→ **Your instructions**
Only the pictures are dropped. Restate each line below word for word.

→ **Information shown**
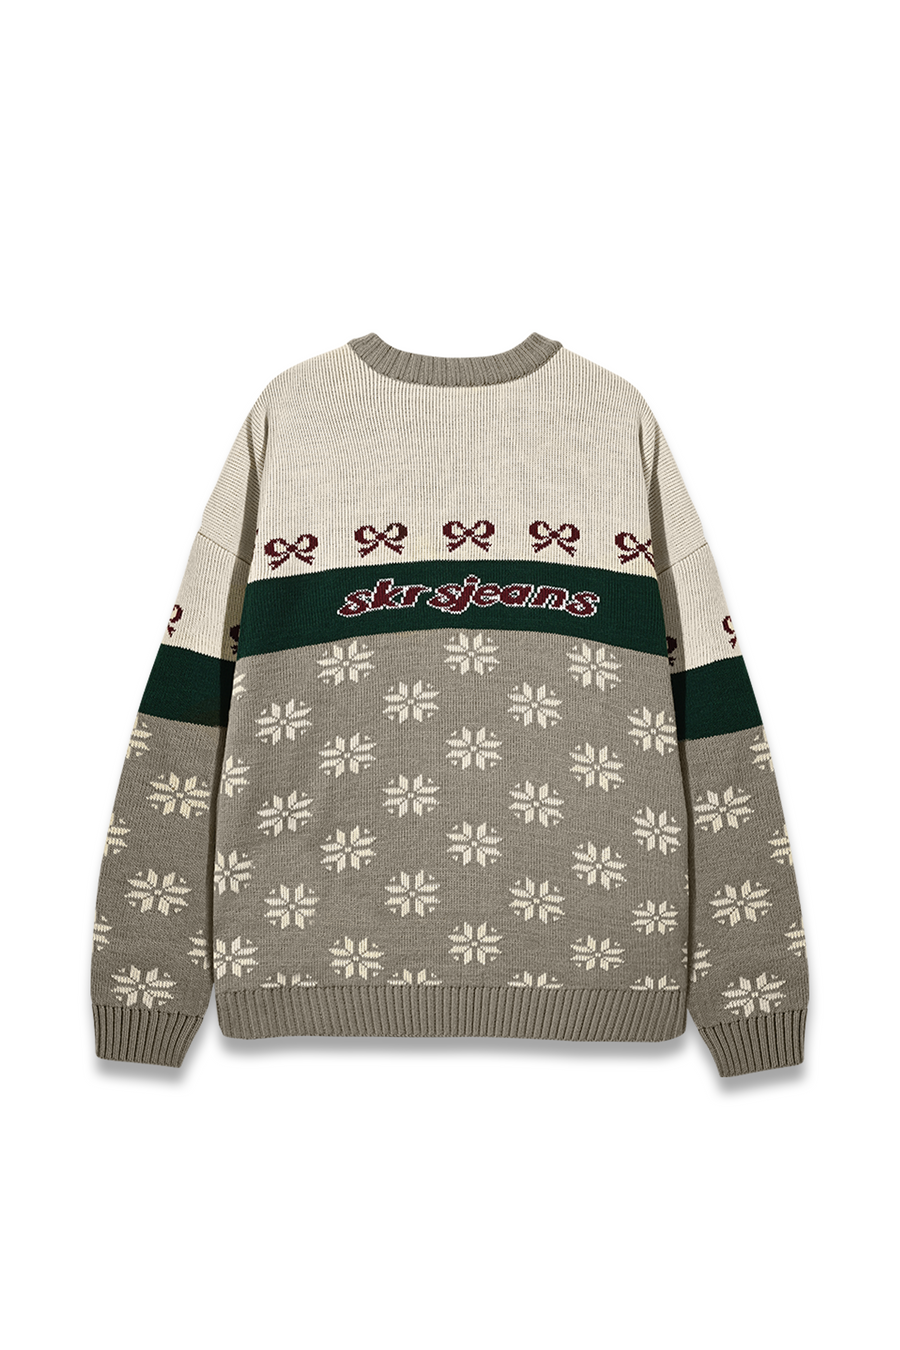 SKRSJeans Christmas Sweater
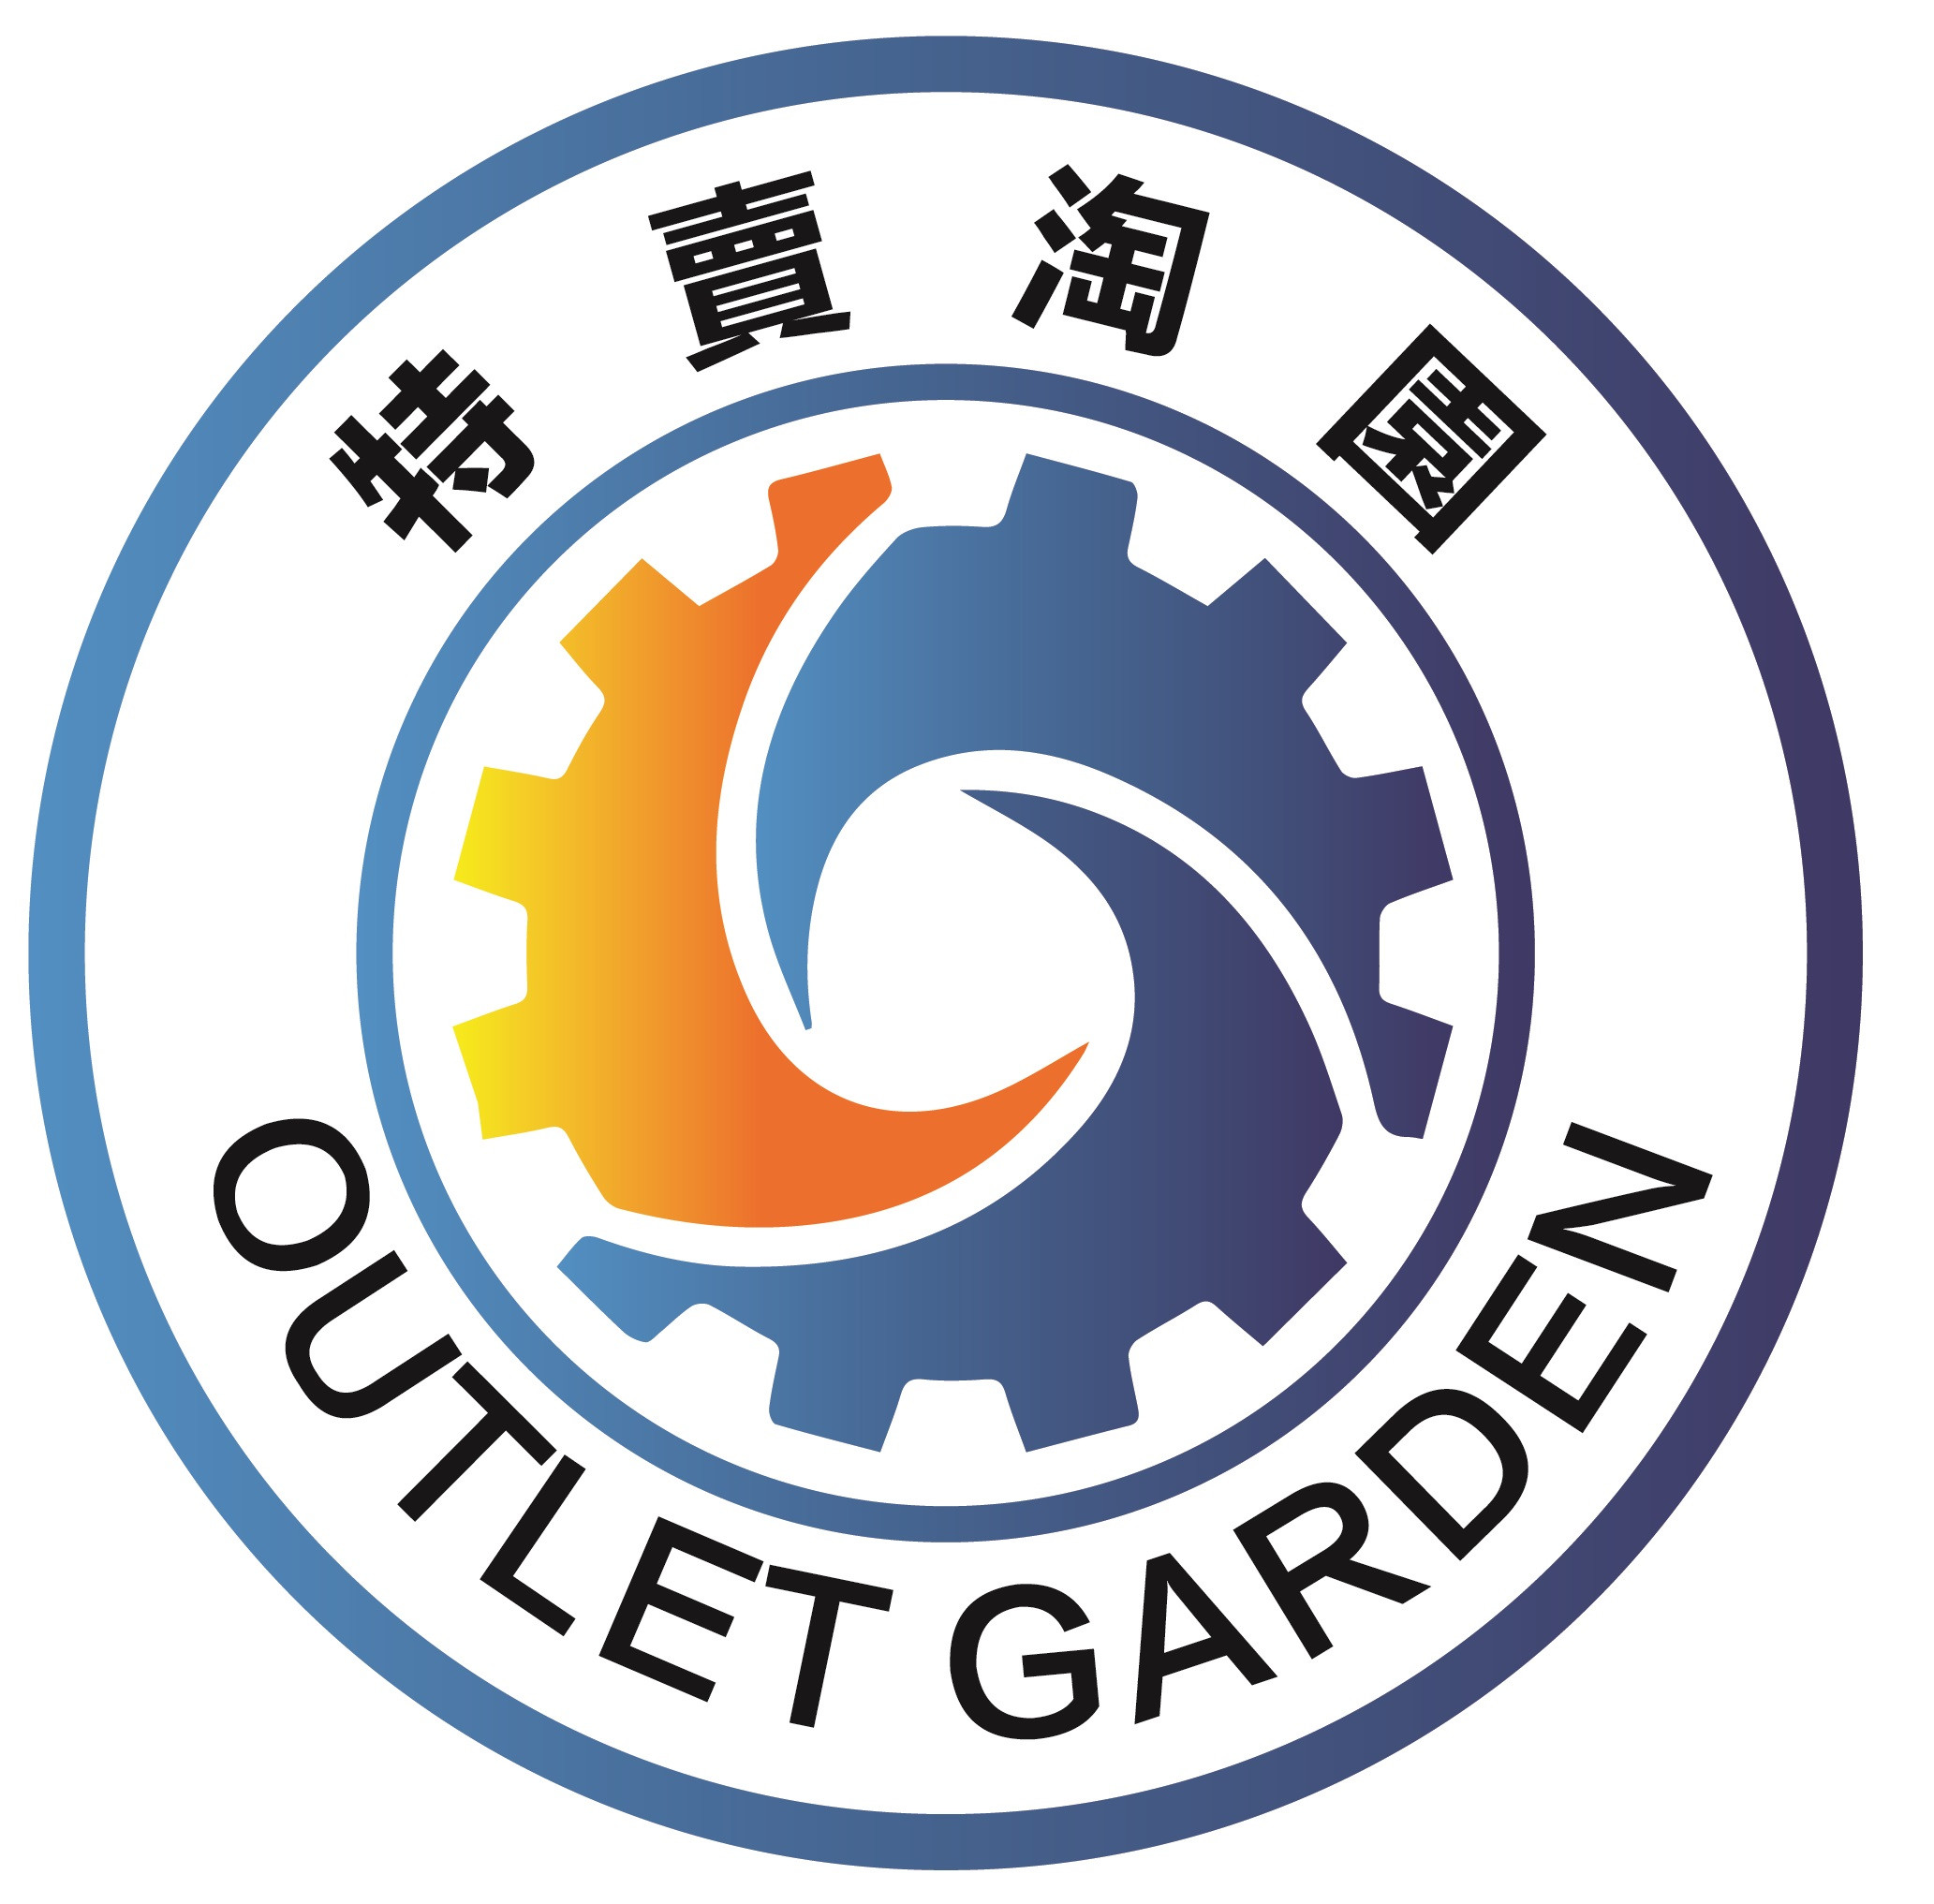 Outlet Garden - 特賣淘園
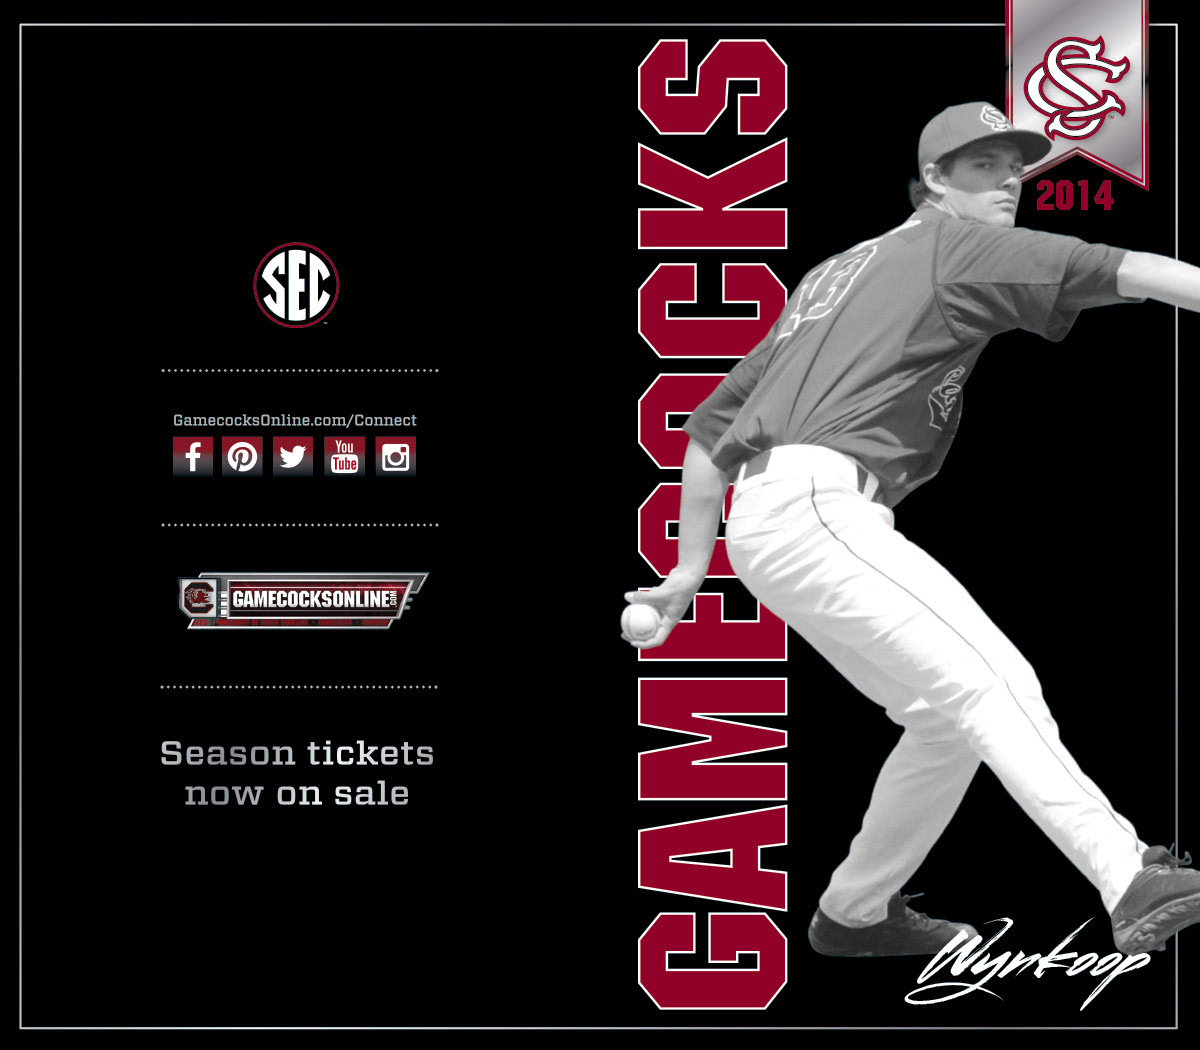 Black Barn University of South Carolina Baseball Schedule Cards

→ **Answer section**
 SKRSJeans Christmas Sweater
 Outlet Garden - 特賣淘園
 Black Barn University of South Carolina Baseball Schedule Cards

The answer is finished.